Recently I spoke with a guy friend in the high tech industry who is contemplating having kids. Without prompting on my part he volunteered, I thought tellingly, that staying home part time would be tantamount to "career suicide." Perhaps so, but this sucks!

Not only does it suck, but the work culture in industries like high-tech is formed overwhelmingly by men. We've conspired to build a completely unbalanced situation, and lack the sense of brotherhood required to end the conspiracy, much less break down institutions that contribute to overwork.

Possibly us guys are so hard-wired for status and competition that we can't help but build unbalanced work cultures. By the same token though, maybe it's possible to make staying at home with the kids feel like a cool enough, desirable enough job that more of us will compete to get it.

Even the existence of a publication like mamazine.com shows that many women sense that there is something really cool and desirable (if often really hard) about stepping back to spend serious time as a parent. Some men also have this sense, but it's guaranteed that few of us will go anywhere with it unless more of us grow up looking forward to spending some time in the parent job, and if the parent job itself comes with enough social perks that we'll actually compete to land it.

Taking it back home

Going back to those kids and dogs at Magnuson Park in Seattle, is there anything practical that can be done by the city fathers (and mothers) in Seattle and elsewhere to affect birthrates? The big answer I just gave about reforming attitudes and institutions connected to the actual job of parenting probably isn't going to much help a mayor or city council person who happens to care about keeping elementary schools open.

At the risk of succumbing to the classic political liberal's compulsion to propose a small answer to a big question, I'd personally advise those city fathers and mothers to focus first and foremost on affordable housing.

A fast run-up in real estate prices like we've recently experienced creates winners and losers. Older people tend to be more often among the winners simply by virtue of having the opportunity to buy when prices were low. Younger, more fertile people tend to be more often among the losers.

Local governments don't determine real estate prices, but mayors and city council people have a much larger say over matters of land use and real estate than they do over other areas of public policy (say, paid family leave laws or health care policy or even education). Creating more affordable housing for young families would require an activist local governments willing to interfere in the market through housing-oriented redevelopment projects, and a local government willing to let the market work by allowing practically all housing construction to occur "as of right" as long as it complies with broad design and building quality guidelines.
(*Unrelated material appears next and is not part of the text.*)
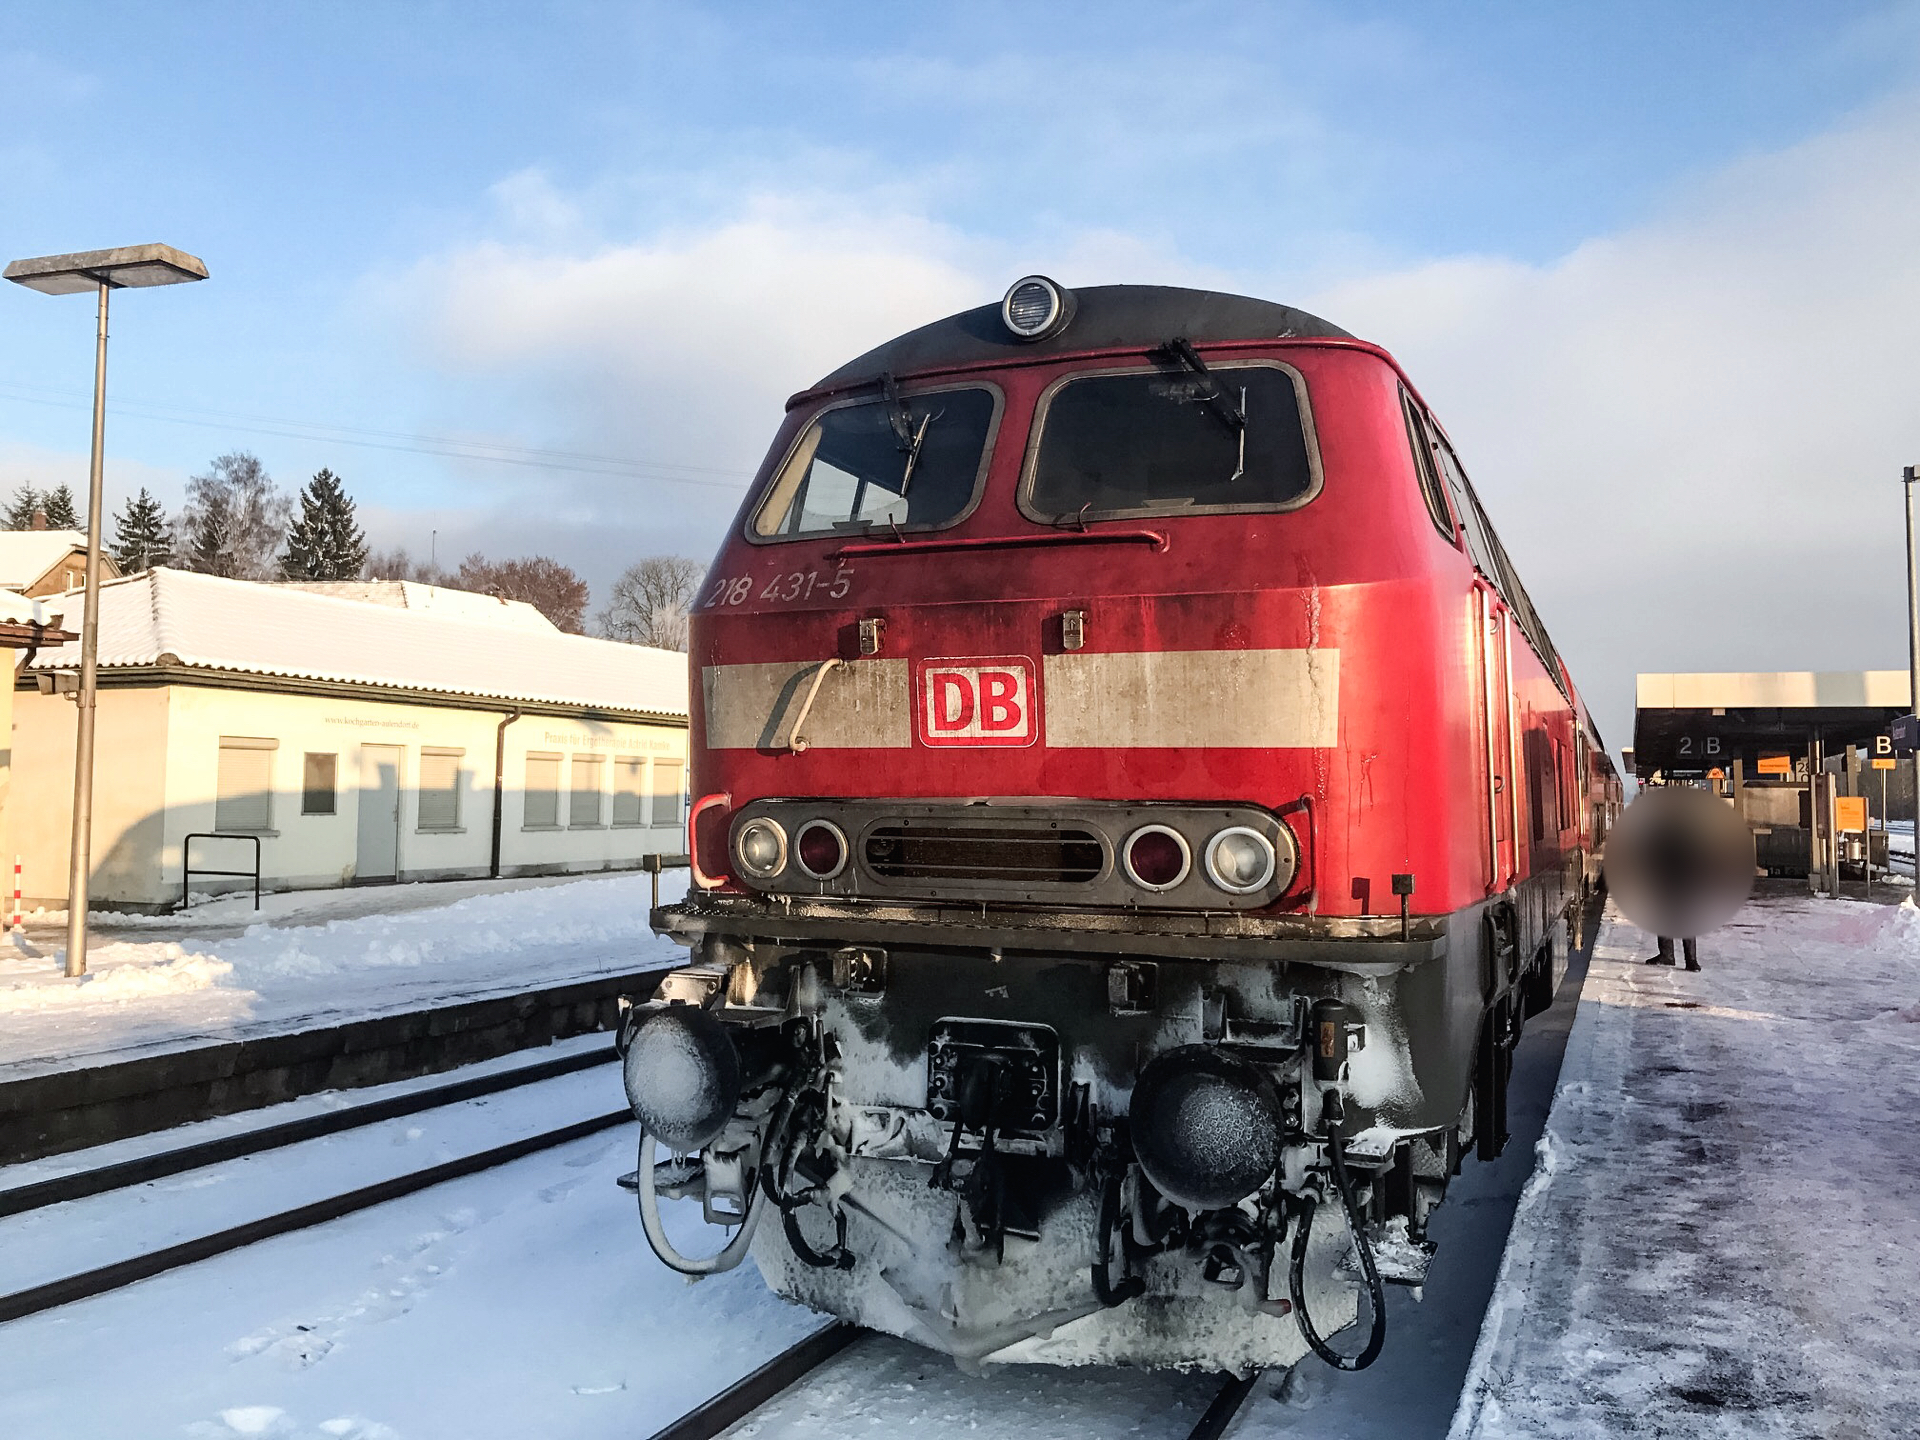 Am 6. Januar 2017 kam es bei Aulendorf zur Rauchentwicklung in einer Diesellok der Baureihe 218. (Foto: © Bundespolizei)

Certain cities may want to go further by actively building a "brand" (or at least image) for themselves as a choice destination for young people interested in both an urban lifestyle and in raising families. This might be a bit of a challenge at this stage for Seattle – the city's phenomenal success over the past couple of decades has already spawned an overlapping set of images (think grunge, software money, coffee culture, Fraser) that has little to do with family life and may take time to refashion.
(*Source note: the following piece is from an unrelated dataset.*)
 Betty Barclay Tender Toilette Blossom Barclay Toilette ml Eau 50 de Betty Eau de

On the other hand I think such a 'branding" strategy is tailor-made for my present home base of Sacramento. The last big time TV program set here, after all, was the late 1970s vintage Eight is Enough, chronicling the lives of father Tom Bradford, mother Joan Bradford, and their eight children. The city is currently undergoing a quiet but decided densification, evolving into something that looks much more like a "real" city. Within the past year local government institutions have poached not one but two of the senior architects of Portland, Oregon's famous urban renaissance. Could Sacramento build a brand for itself as "Portland, but more diverse and with kids?" Only time will tell, but it seems worth a go.

Matt Mitchell is a freelance writer and urban planner based in Sacramento, California. He is principal of Frameworks, a consulting firm dedicated to urban economic development and sustainability.